The AGWG is considering defining a default set of user agents and assistive technologies that they use when validating guidelines.

Accessibility support sets may vary based on language, region, or situation.

If you are not using the default accessibility set, the conformance report should indicate what set is being used.

accessibility supported

available and working in the user agents and assistive technology in the accessibility support set

The working group intended to include a default accessibility support set. See Default accessibility support set #277.

ASCII art

picture created by a spatial arrangement of characters or glyphs (typically from the 95 printable characters defined by ASCII)

audio

live or recorded sound signal

audio description

narration added to the soundtrack to describe important visual details that cannot be understood from the main soundtrack alone

For audiovisual media, audio description provides information about actions, characters, scene changes, on-screen text, and other visual content.

Audio description is also sometimes called “video description”, “described video”, “visual description”, or “descriptive narration”.

In standard audio description, narration is added during existing pauses in dialogue. See also extended audio description.

If all important visual information is already provided in the main audio track, no additional audio description track is necessary.

captions

synchronized visual and/or text alternative for both the speech and non-speech audio portion of a work of audiovisual content

Closed captions are equivalents that can be turned on and off with some players and can often be read using assistive technology.
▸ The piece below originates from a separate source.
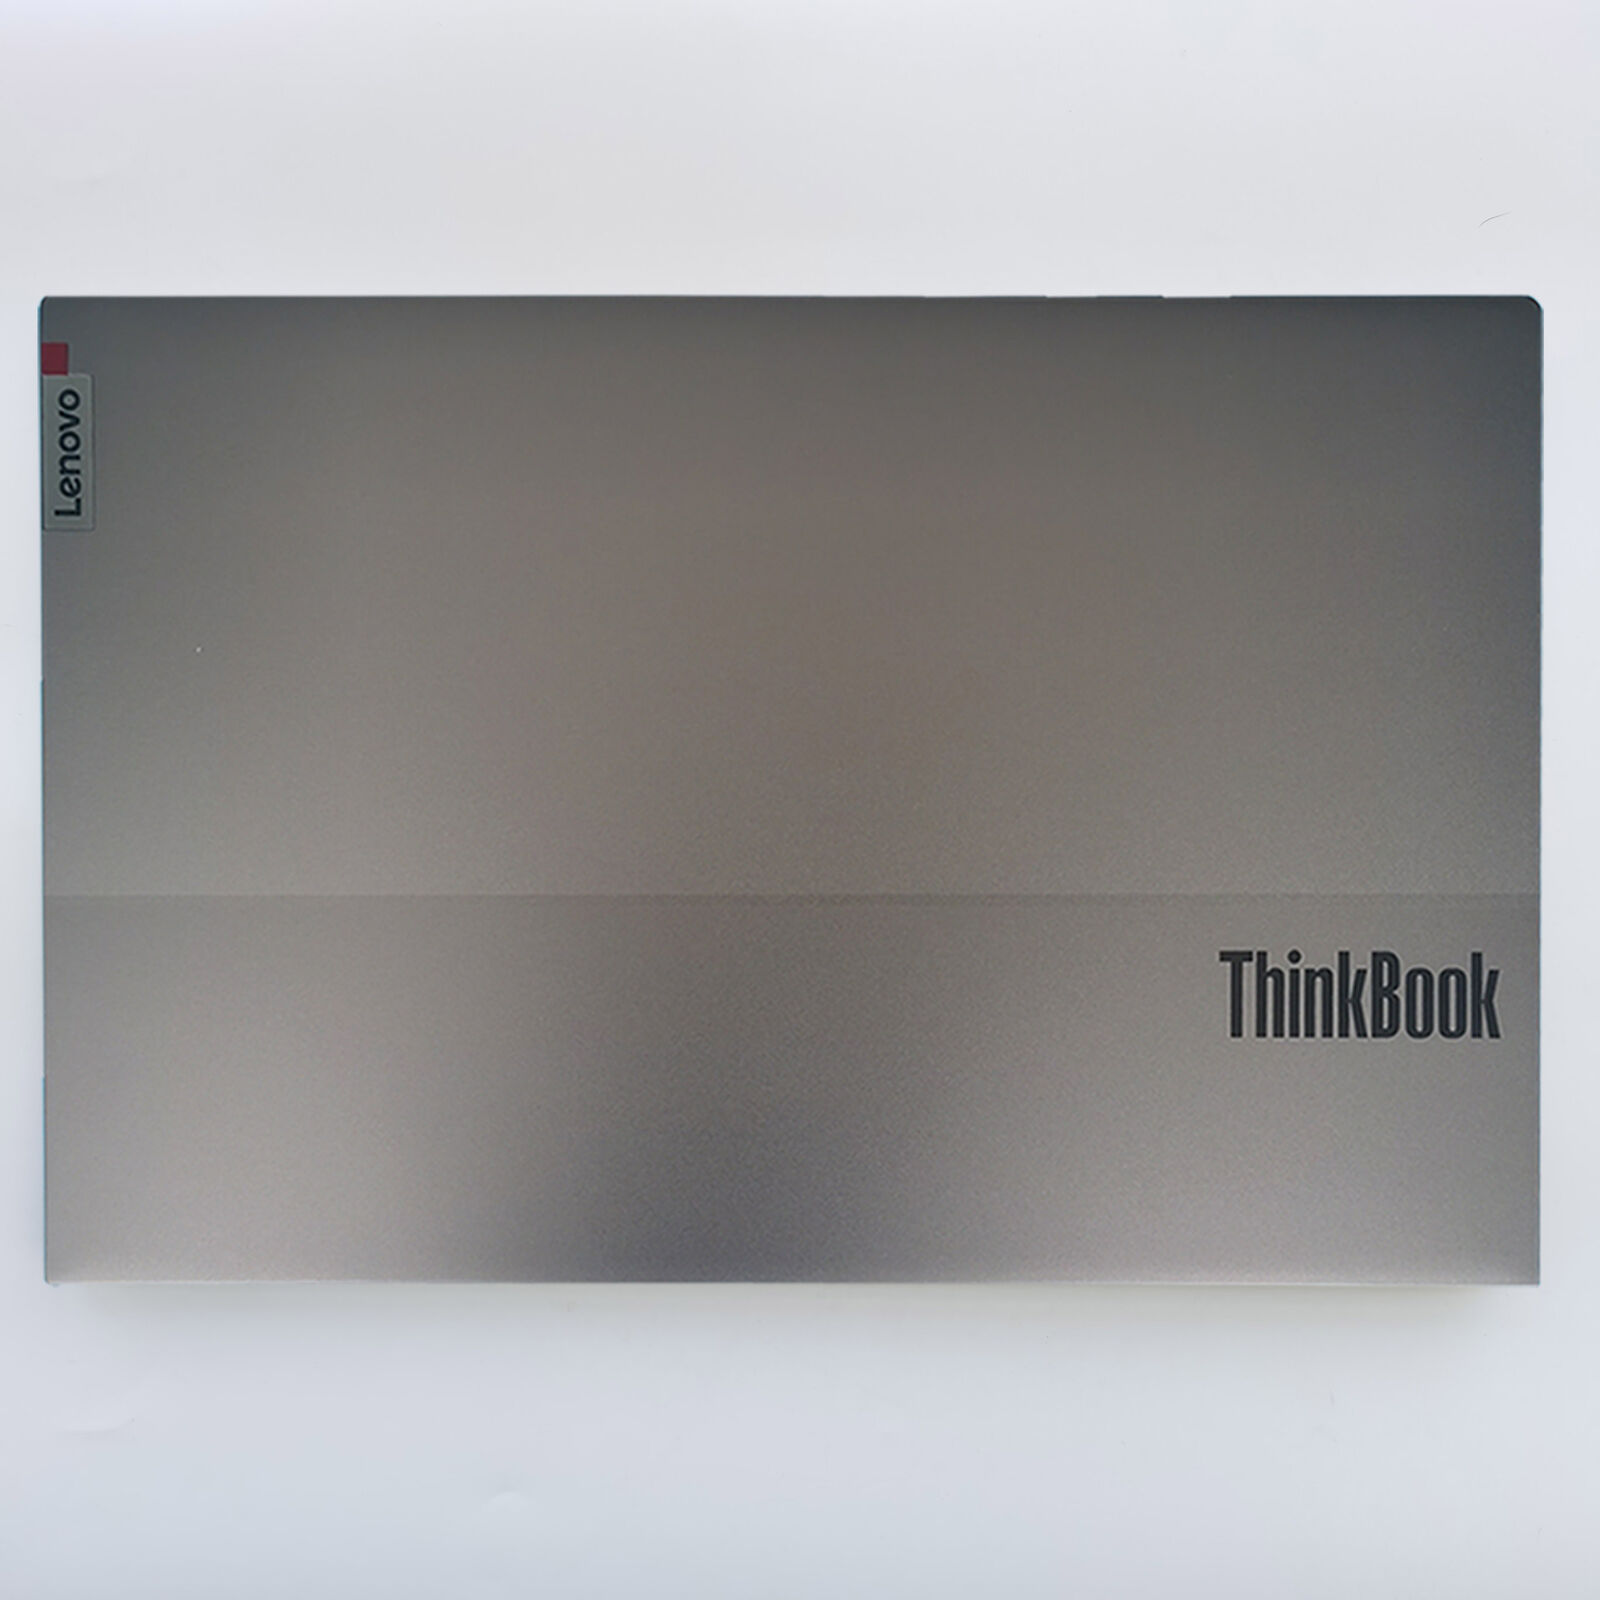 For Lenovo ThinkBook 15 G2 ITL /ARE G3 ACL/ITL LCD Back Cover/Bezel/Hinge Cover
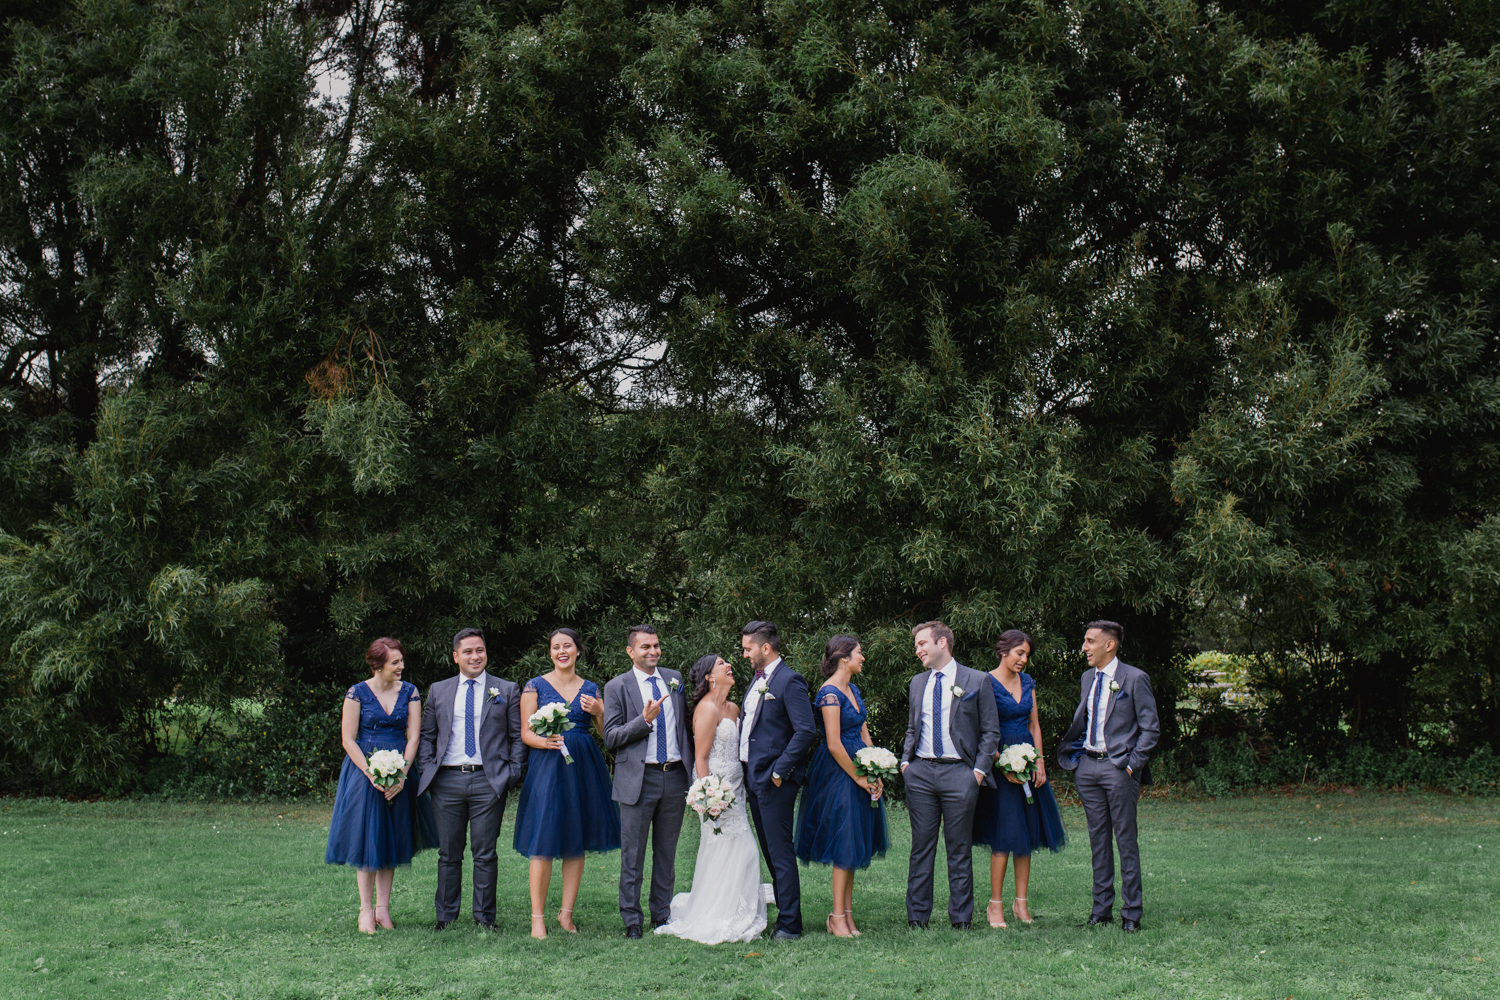 A Bride and Groom with their attendants taken by Mala Photography, an Auckland based wedding photographer. The wedding was at Markovina Vineyard Estate In Kumeu, Auckland.

Open captions are any captions that cannot be turned off in the player. For example, if the captions are visual equivalent images of text embedded in video.

Audio descriptions can be, but do not need to be, captioned since they are descriptions of information that is already presented visually.

In some countries, captions are called subtitles. The term ‘subtitles’ is often also used to refer to captions that present a translated version of the audio content.

content

information, sensory experience and interactions conveyed

essential to outcome

always necessary to achieve the same result

If something is essential to the outcome then: If it were removed, the information or functionality of the content would be fundamentally changed, and the information and functionality cannot be achieved in another way that would conform

extended audio description

audio description that is added to audiovisual media by pausing the video to allow for additional time to fit in the audio description

This technique is only used when the sense of the video would be lost without the additional audio description and the pauses between dialogue or narration are too short.

human language

language that is spoken, written, or signed (through visual or tactile means) to communicate with humans

See also sign language.

method

detailed information, either technology-specific or technology-agnostic, on ways to satisfy the requirement

non-text content

any content that is not a sequence of characters that can be programmatically determinable or where the sequence is not expressing something in human language

This includes ASCII art (which is a pattern of characters), emoticons, leetspeak (which uses character substitution), and images representing text

programmatically determinable

meaning of the content and all its important attributes can be determined by software functionality that is accessibility supported

requirement

result of practices that reduce or eliminate barriers that people with disabilities experience

sign language

a language using combinations of movements of the hands and arms, facial expressions, or body positions to convey meaning

text

sequence of characters that can be programmatically determined, where the sequence is expressing something in human language

text alternative

text that is programmatically associated with non-text content or referred to from text that is programmatically associated with non-text content

video

the technology of moving or sequenced pictures or images

Video can be made up of animated or photographic images, or both.